Габи в халате, растрепанная со сна, качала на руках кучу полотенец, из которой выглядывала младенческая мордашка, такая же черноглазая, как и она сама, с темной завитушкой на лбу, напоминающей знак вопроса. Тазик, кувшин с водой и аромат, несоответствующий конфетам, возвещали миру, что этот младенец принят, окружен любовью, заботой и лаской. Они на два голоса в унисон выводили: “...Так берегись любви моей!..” Вернувшееся сопрано Габи как нельзя лучше гармонировало с младенческим писком и можно было не сомневаться, что лучшие оперные залы европейских столиц вскоре будут рукоплескать маленькому Габриэлю, как когда-то его матери.

У Музочки защипало в глазах, она устало вздохнула и стала поглядывать на дверь, решая, удобно ли ей уйти по-английски, не прощаясь, или уж надобно до конца исполнять свой долг, который навесило ей медленно угасающее романтическое чувство к Алексею Егорычу.

Всё-таки она, Муза Миронова, теперь семейная, и негоже незамужней девице, среди бела дня, без перчаток, разгуливать в компании холостяка. Даже такого видного. Эх, а дома-то как хорошо! Тепло, уютно. И никаких младенцев. А днём и выспаться можно.

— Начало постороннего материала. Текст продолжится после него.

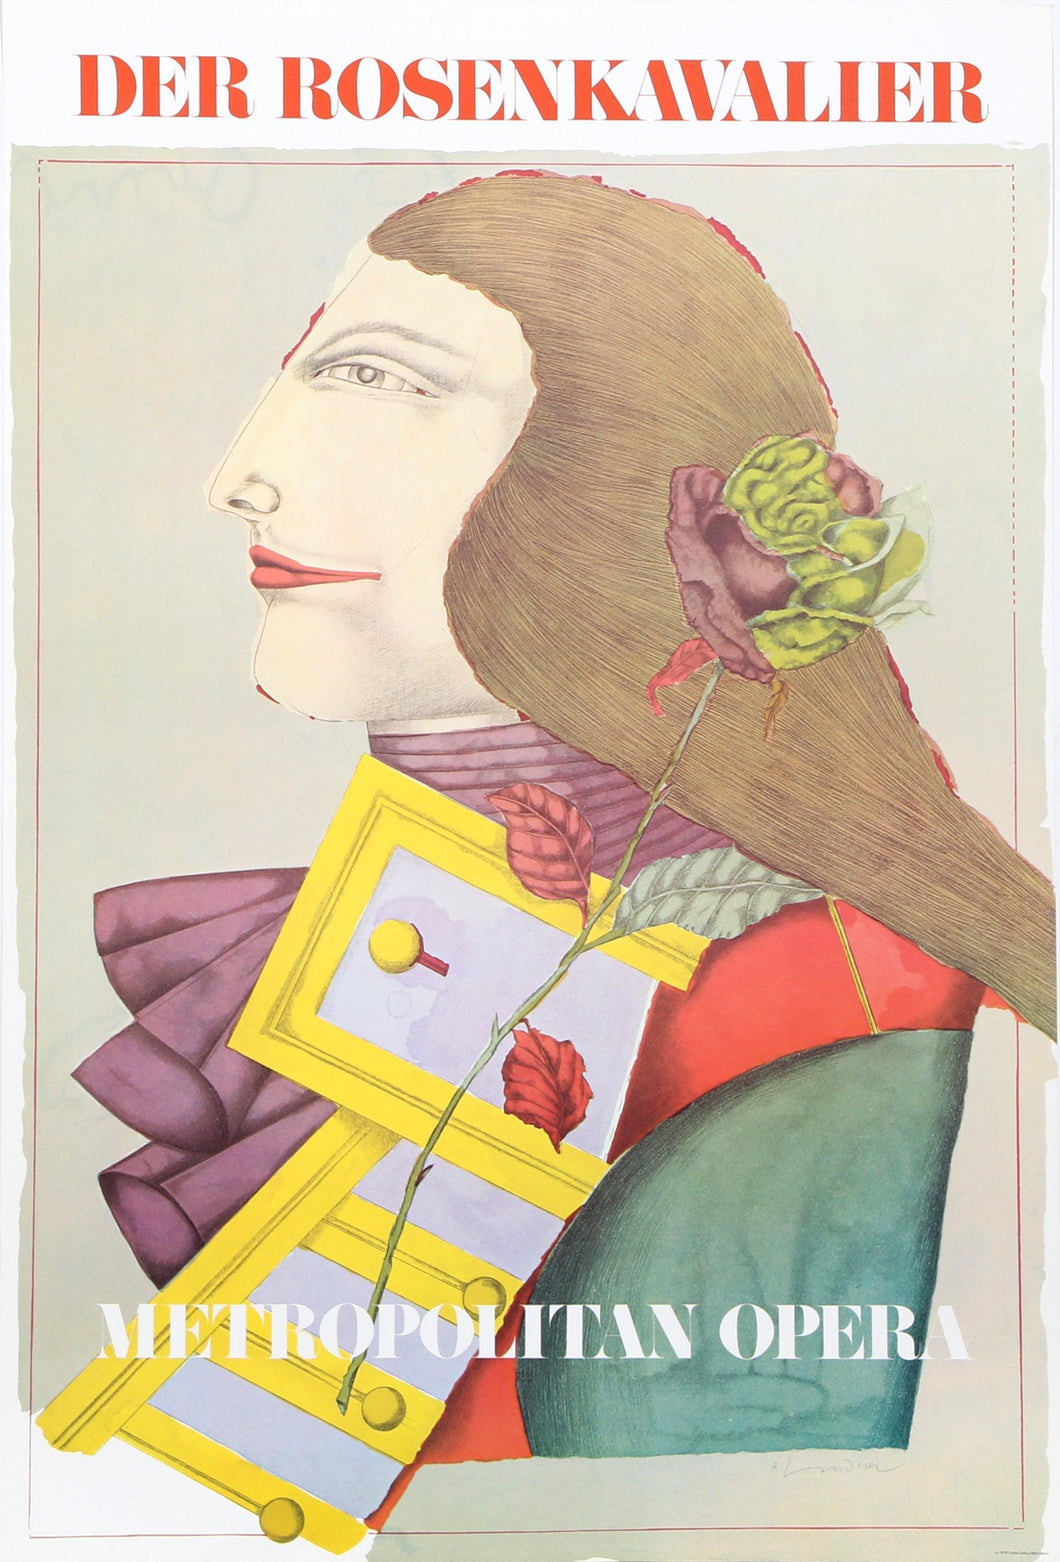 Der Rosenkavalier (Metropolitan Opera) Poster | Richard Lindner,{{product.type}}

С тех пор, как Виктор Иваныч водворился в семью и занял место на подушке рядом с Марь Тимофеевной, ей пришлось подвинуться и перебраться ночевать на шкаф, в шляпную картонку. Старшие Мироновы всю ночь хихикали, шептались, ренессансили и устраивали возню под одеялом, Музочкина голова на утро невыносимо раскалывалась, принуждая свою обладательницу сотворить кому-нибудь небольшую эпидерсию. Пришлось искать себе пристанища в других комнатах. Делить кладовку с мышами не хотелось. К тому же запах пыли и нафталина ужасно щекотал нос, эфемерная барышня чихала, пыльца разлеталась в стороны и оседала на мышах, вдохновляя их на подвиги, веселье и усердное деторождение. 

Она попыталась было переехать к Анне, так у той была не комната, а проходной двор. Мёртвые телом, но крепкие духом шастали туда-сюда дни и ночи напролёт. Заглядывали в Музочкину шляпную картонку, чем невыразимо пугали её, пытались позорно пощекотать пузико и сделать “козу”. 

С Петром Иванычем было бы спокойнее и веселее, к тому же в последнее время они очень сблизились, но ночевать у холостяка - это какой-то дурацкий, всеми презираемый моветон. Пришлось кочевать в комнату Домны. Умаявшаяся за день горничная во сне всхрюкивала и храпела. Её соседка по комнате закрывала уши ладошками, прятала голову под подушку, но эти противные звуки проникали прямиком в сознание. И снились Музочке сны, где она была хорошенькой и розовенькой частью многодетной семьи соседской свиньи Хавроньюшки. 

Впрочем, Муза научилась с этим бороться. Она скатывала шарики пыльцы и кидала в Домну. Храп моментально прекращался, а вместо этого горничная вытягивала губы трубочкой и громко чмокала, лобзая невидимого кавалера. А утром краснела, глядя на себя в зеркало. Зато теперь она в обед принимала снотворное, рано укладывалась спать и по полдня проводила в этом состоянии, устраивая пиршества плоти с кавалерами, отплясывая в кафешантанах и принимая предложения руки и сердца от всех европейских наследных принцев без разбору.

Эх, до чего же хорошо быть семейной! Не надо рысогонить в любую погоду по улицам в поисках сенсаций. Не надо метаться между редакцией и типографией, вносить правки в последний момент.

Да, решено, когда все отвернутся, она тихонечко, на мягких лапах, вышмыгнет в дверь и побежит домой...

В сюжете нужен поворот,
Когда душа уходит в пятки,
И сердце выскочит вот-вот

Лицо полицмейстера, входящего в сыскное отделение, было непривычно озабоченным. В привычно озабоченном виде оно пыжилось, играло бровями и переливалось оттенками багрянца от закатного до апоплексического. Сегодня же его обеспокоенность выглядела настолько человечной, что Штольман и Коробейников недоуменно переглянулись. «Произошло что-то серьезное, но не криминальное», сделал вывод Штольман. «Господи, что это с ним, только б городовые не увидели его в таком гуманном виде», подумал Коробейников.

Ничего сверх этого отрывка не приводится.